_What you need to do_: Apart from the pictures, every line below needs to be reproduced verbatim.

_Supplied information_:
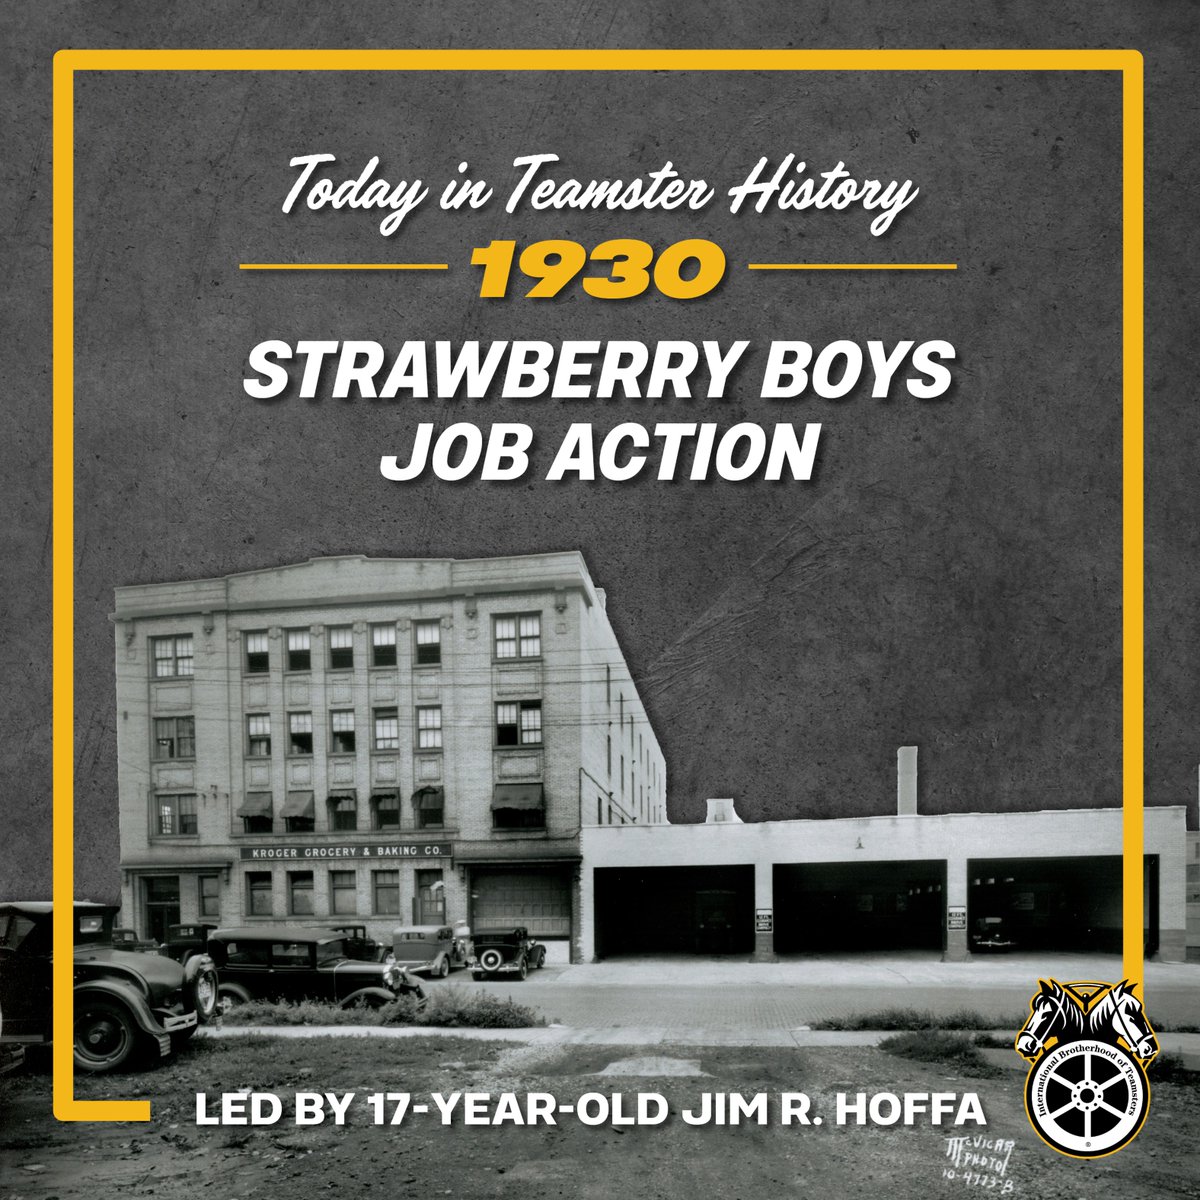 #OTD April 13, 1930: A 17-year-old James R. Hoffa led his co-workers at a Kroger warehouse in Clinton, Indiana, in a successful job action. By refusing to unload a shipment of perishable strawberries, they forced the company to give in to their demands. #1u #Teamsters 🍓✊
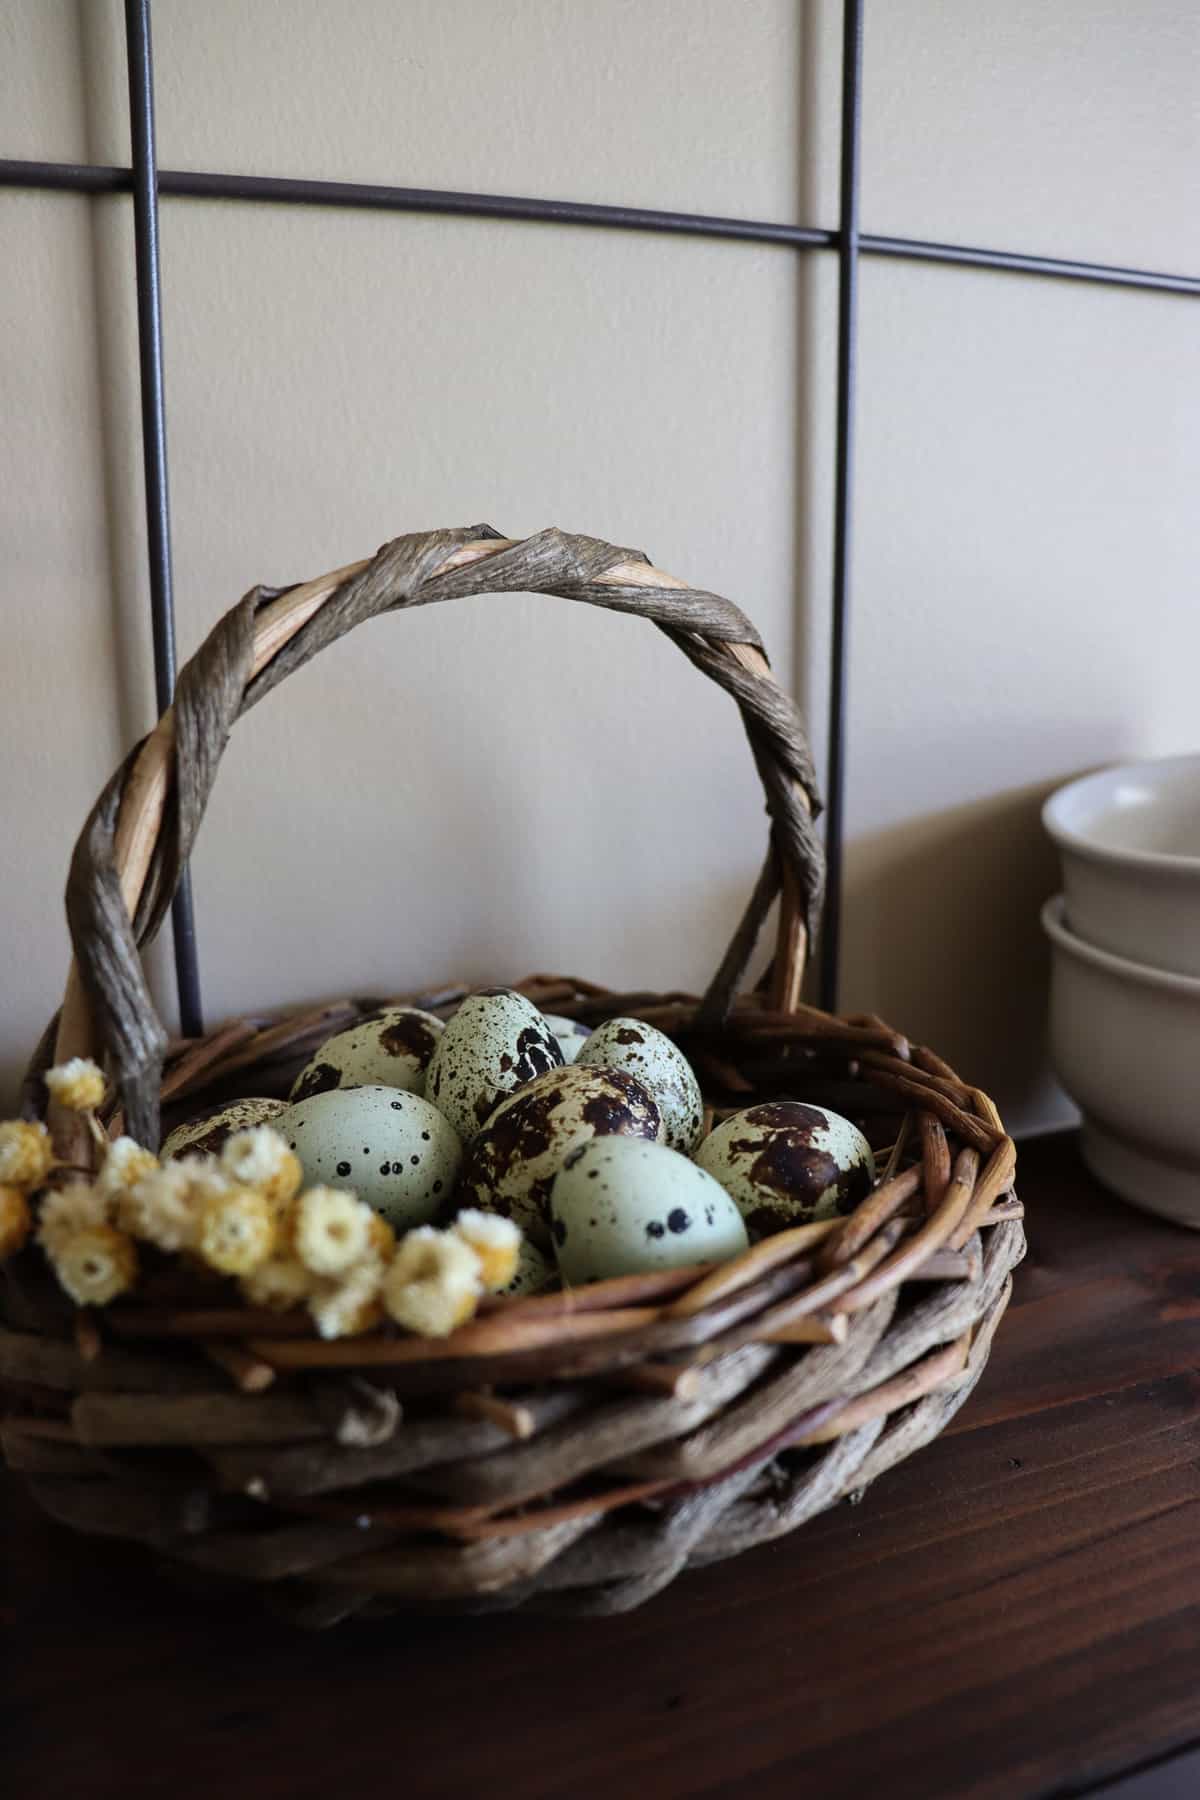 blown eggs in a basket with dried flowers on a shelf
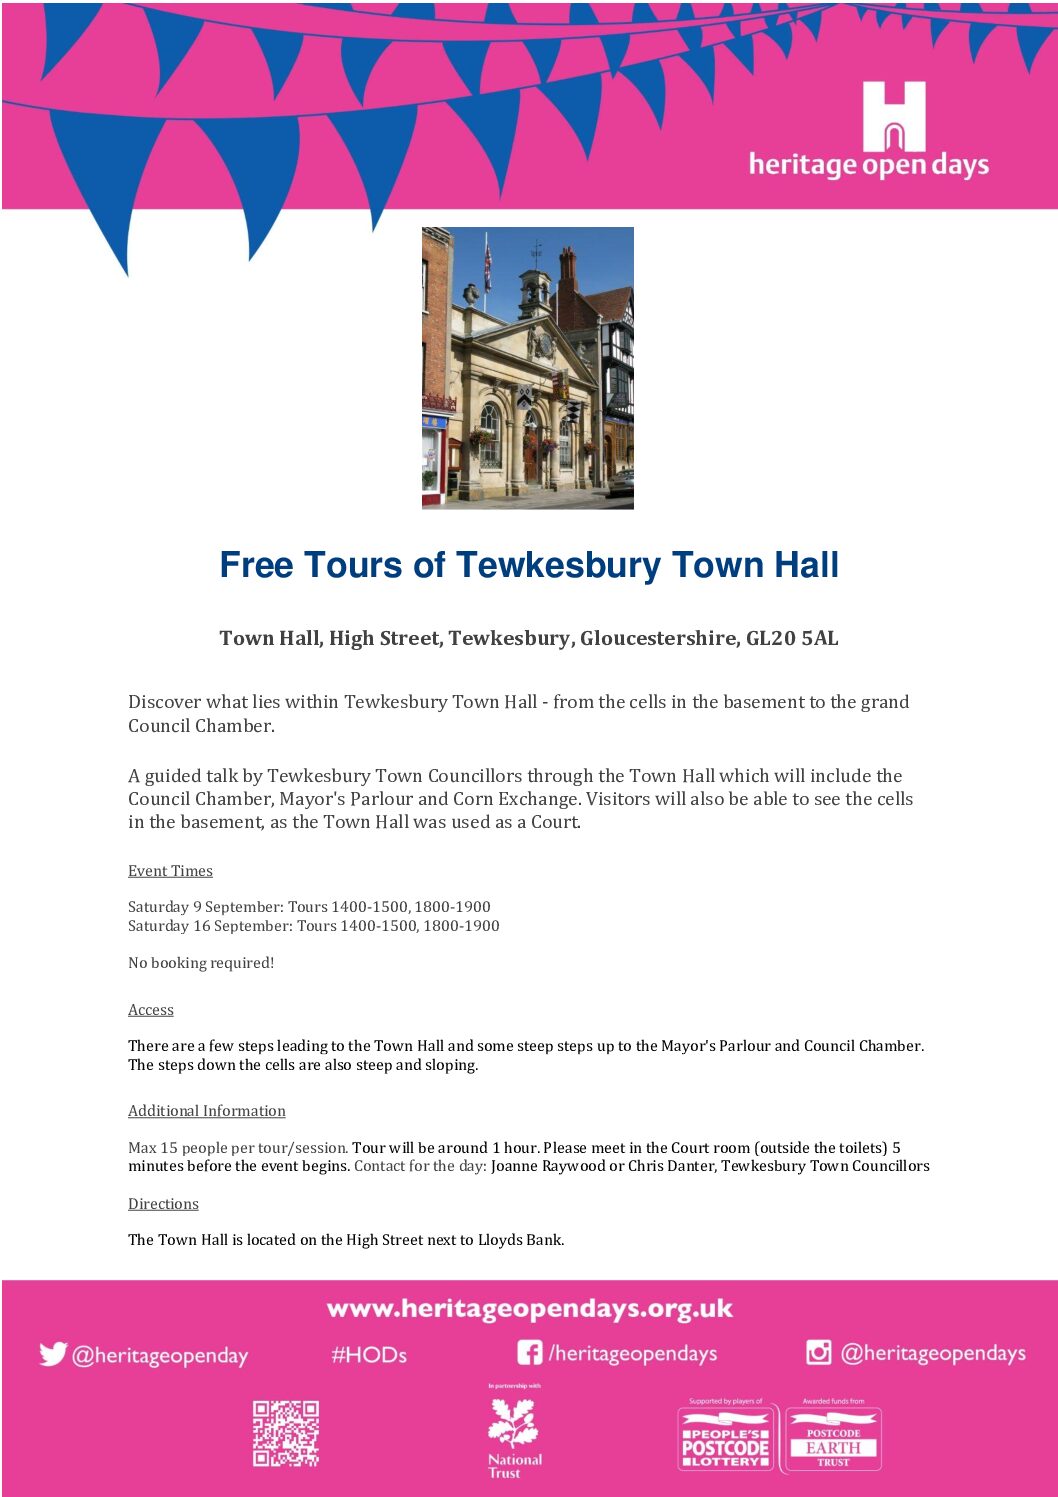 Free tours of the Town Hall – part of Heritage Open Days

_Response to the task_:
 #OTD April 13, 1930: A 17-year-old James R. Hoffa led his co-workers at a Kroger warehouse in Clinton, Indiana, in a successful job action. By refusing to unload a shipment of perishable strawberries, they forced the company to give in to their demands. #1u #Teamsters 🍓✊
 blown eggs in a basket with dried flowers on a shelf
 Free tours of the Town Hall – part of Heritage Open Days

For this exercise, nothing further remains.